━━━━━ SUPPLIED DATA ━━━━━

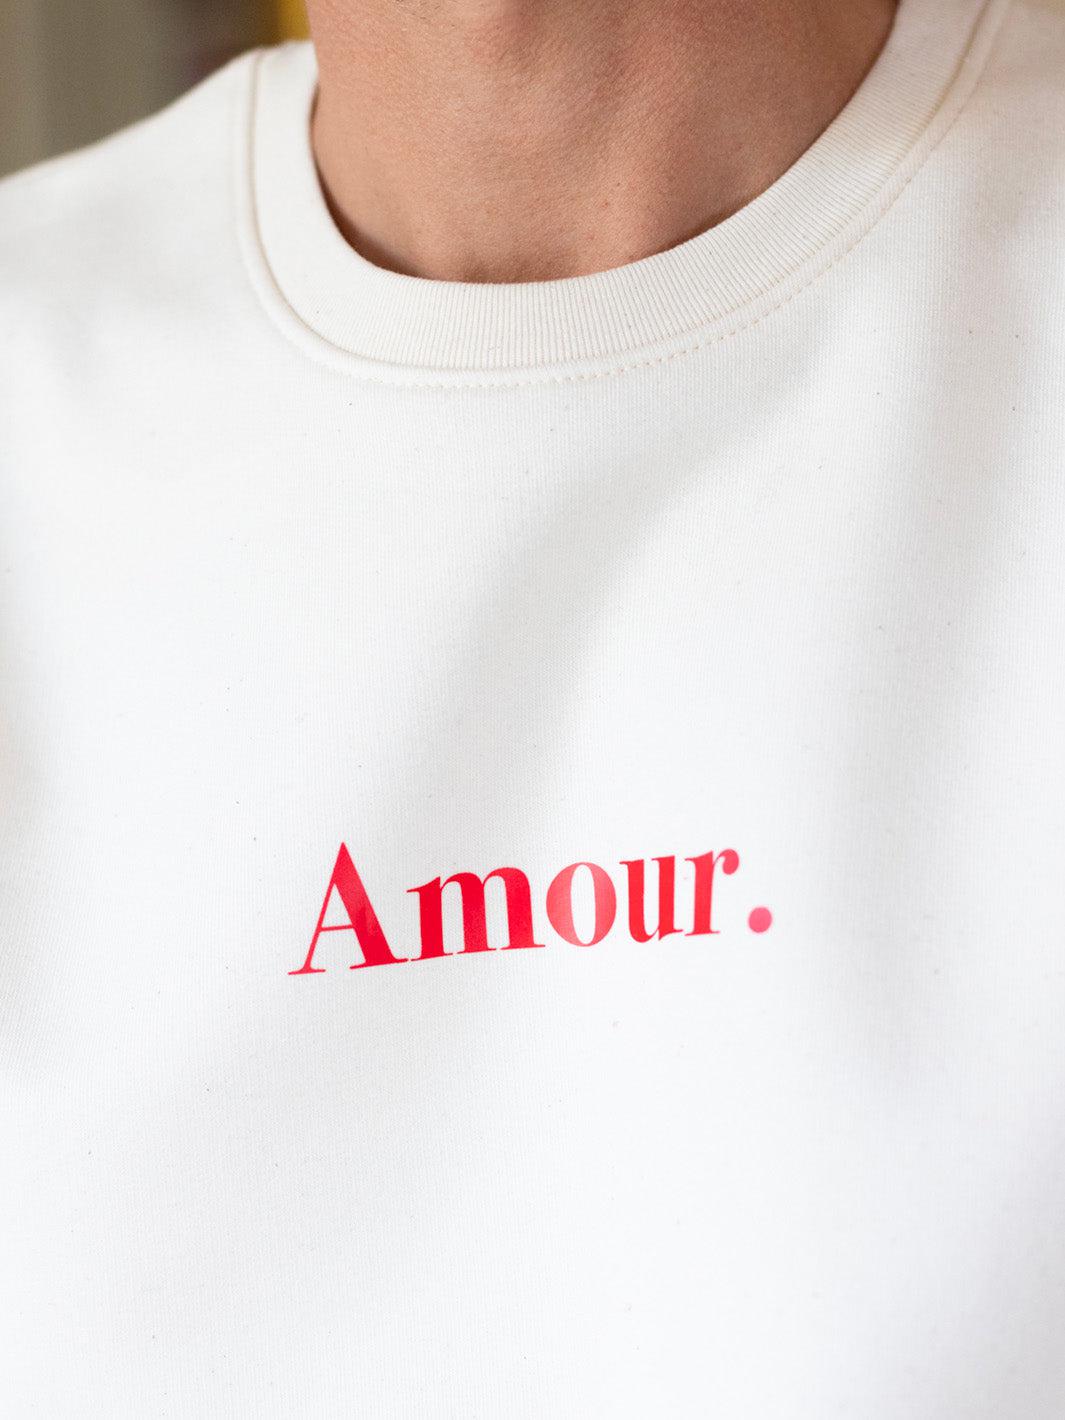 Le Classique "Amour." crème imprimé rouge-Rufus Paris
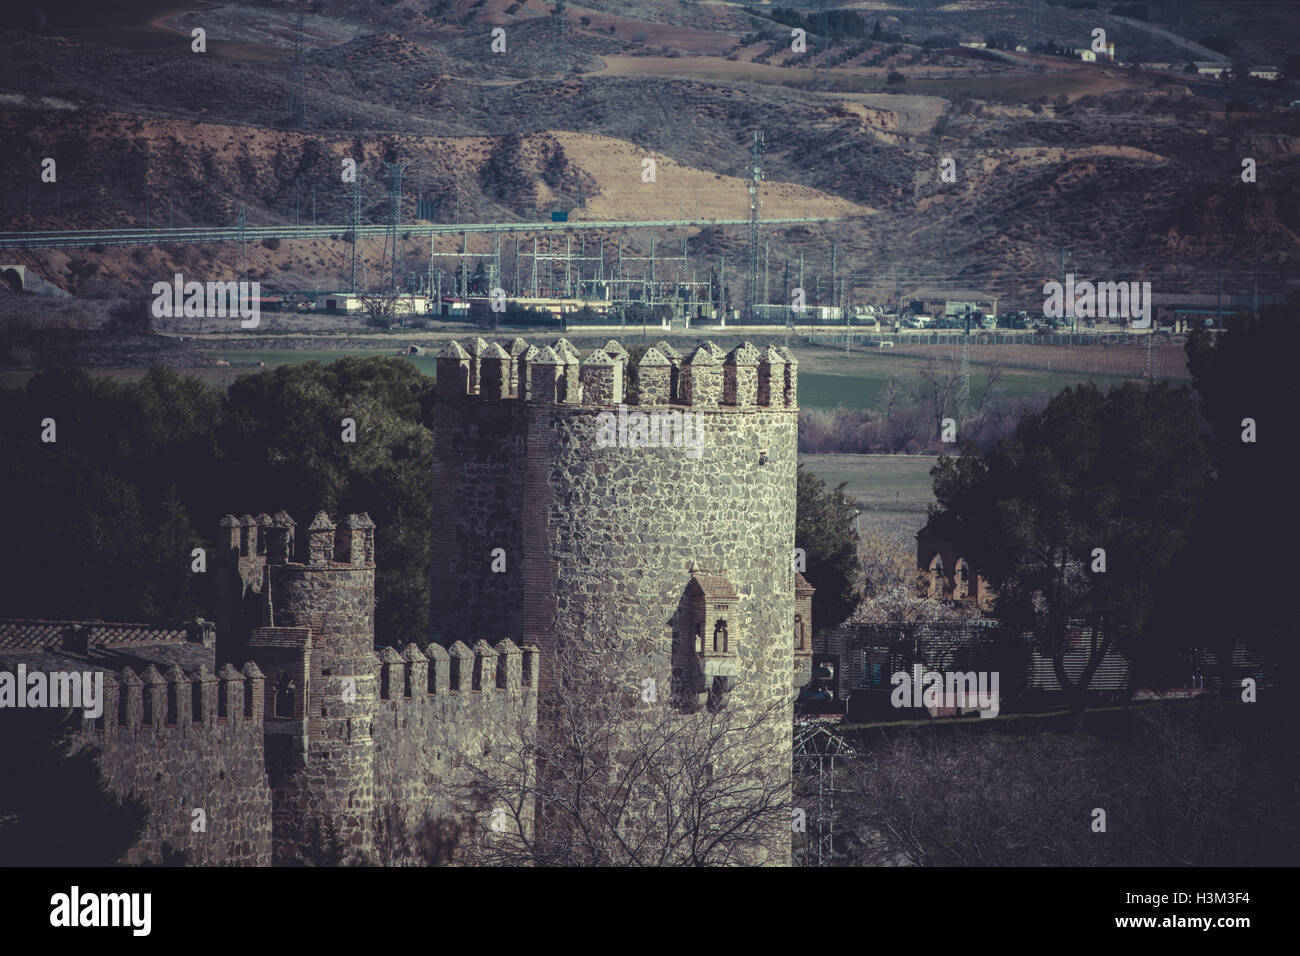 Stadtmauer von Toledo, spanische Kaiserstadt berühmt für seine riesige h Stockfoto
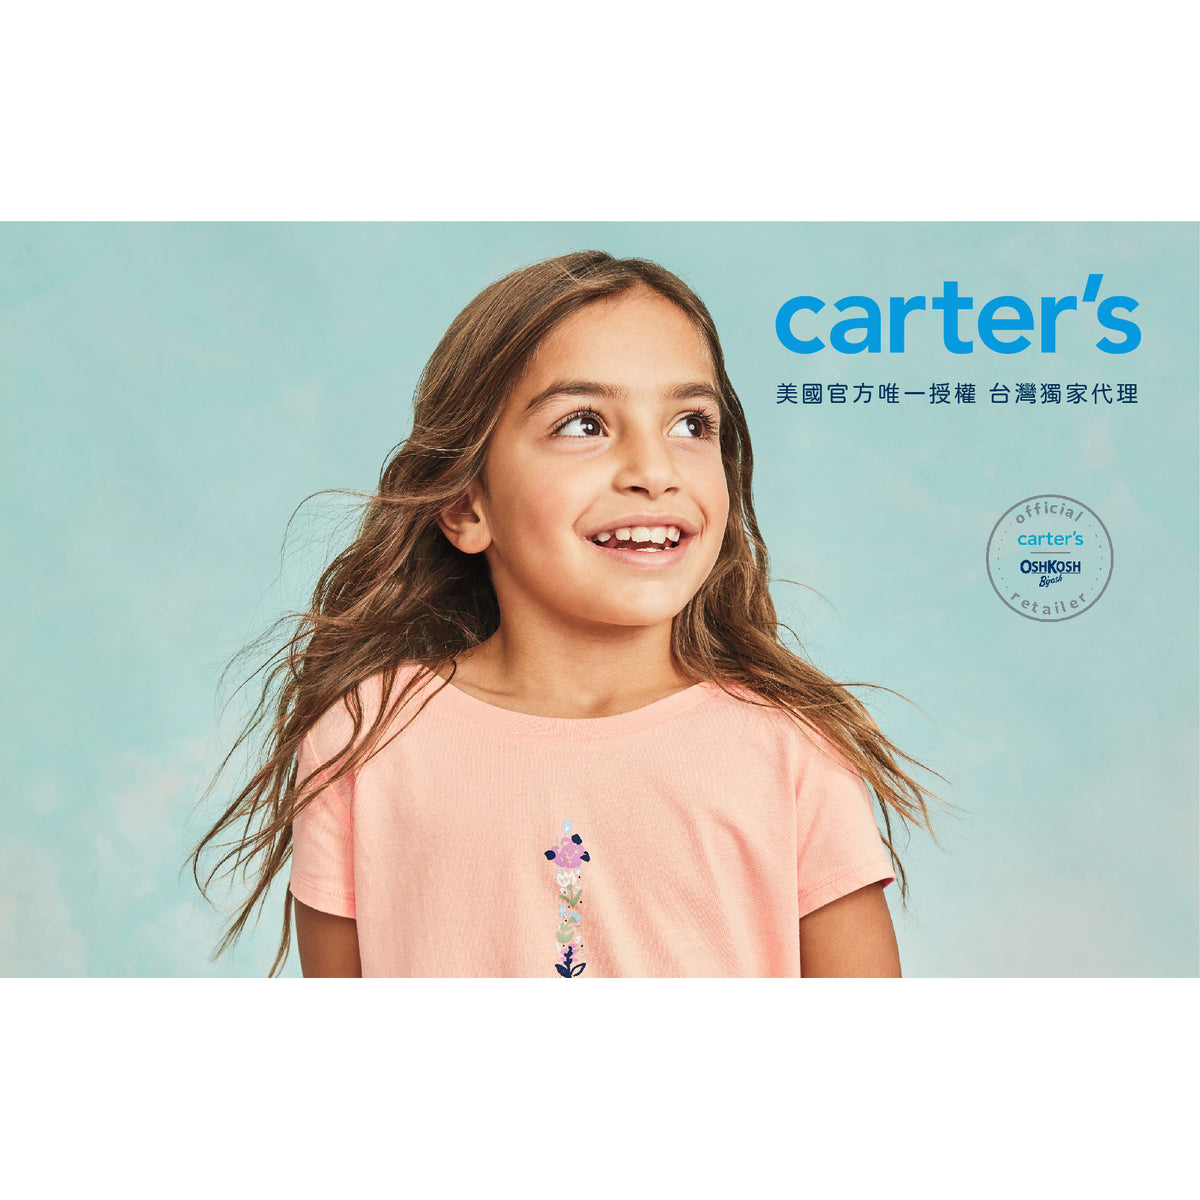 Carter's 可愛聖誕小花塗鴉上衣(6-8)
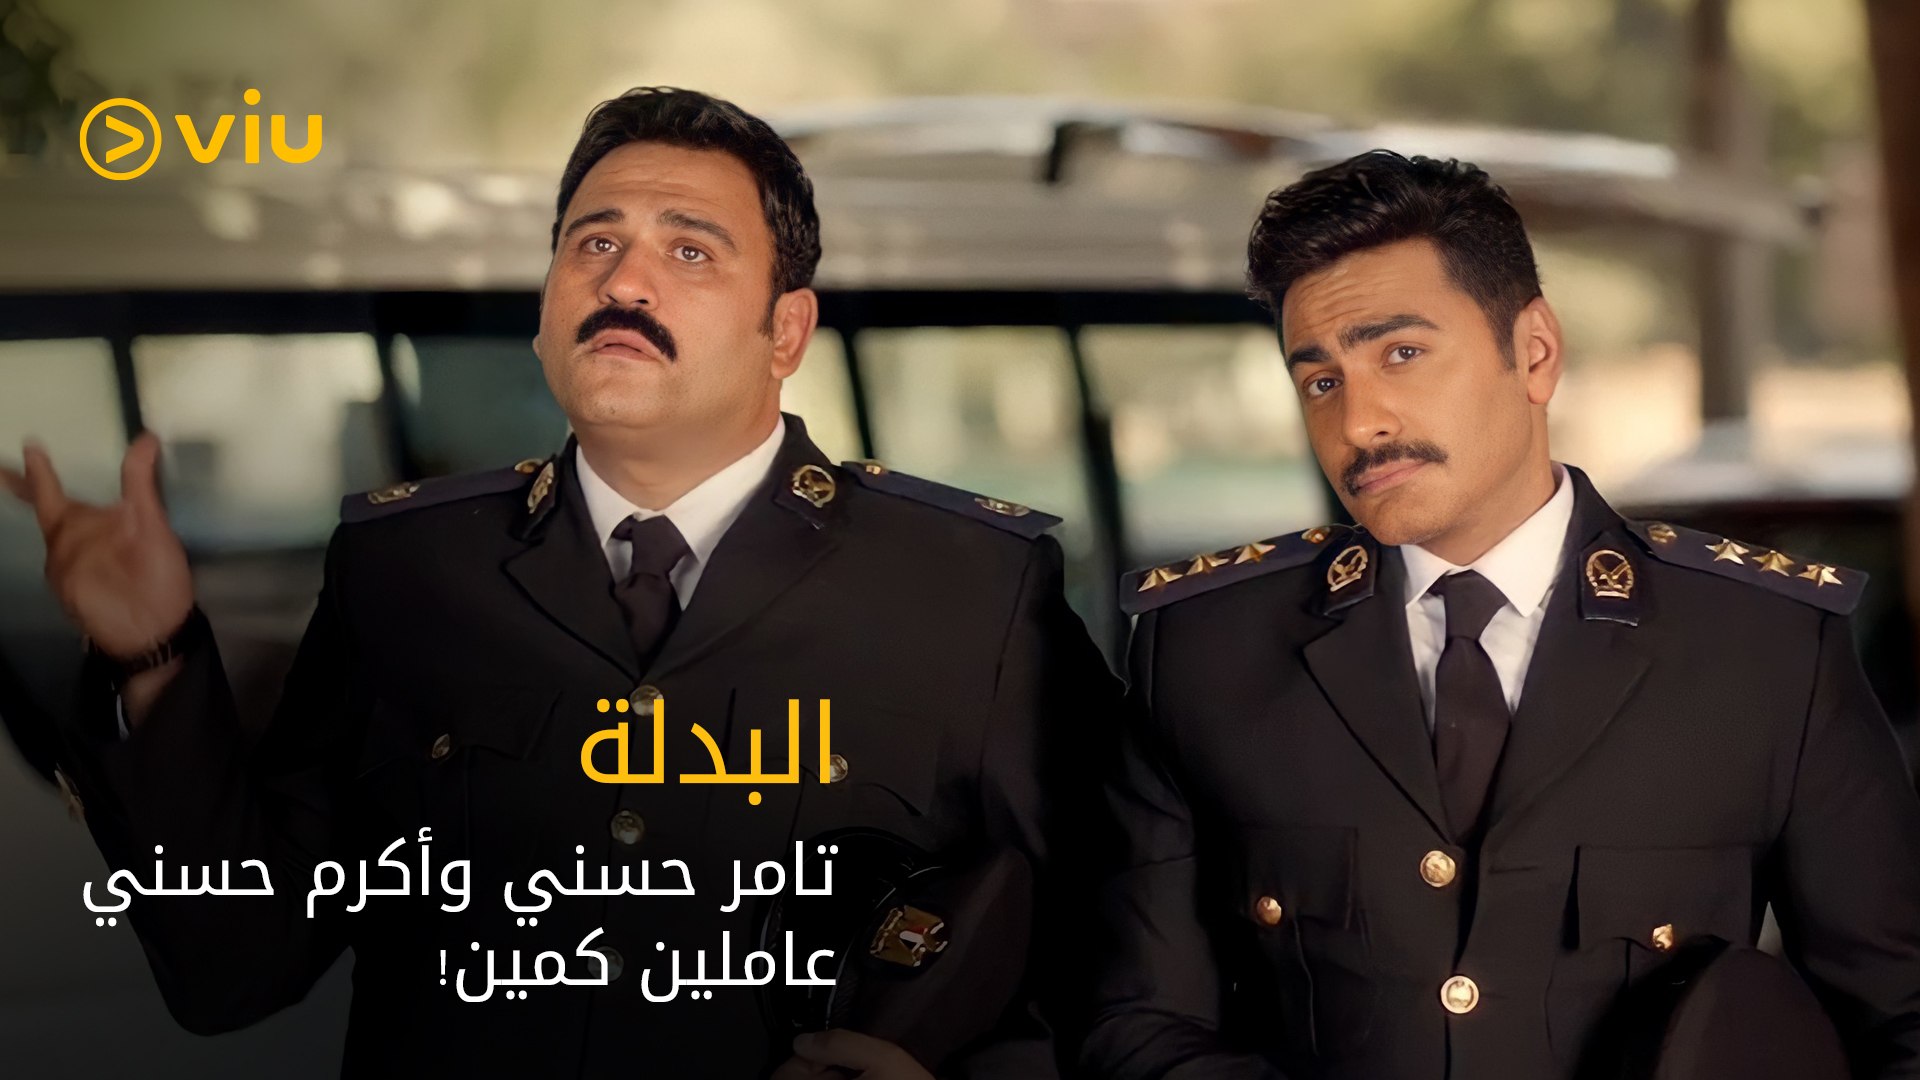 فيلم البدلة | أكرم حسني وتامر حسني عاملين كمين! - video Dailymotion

━━━━━

*WHAT THIS TASK INVOLVES:* Output the line containing "Carter's 可愛聖誕小花塗鴉上衣(6-8)" along with every line after it to the end of the material, exactly as written, but without pictures.

*RESPONSE:*
 Carter's 可愛聖誕小花塗鴉上衣(6-8)
 فيلم البدلة | أكرم حسني وتامر حسني عاملين كمين! - video Dailymotion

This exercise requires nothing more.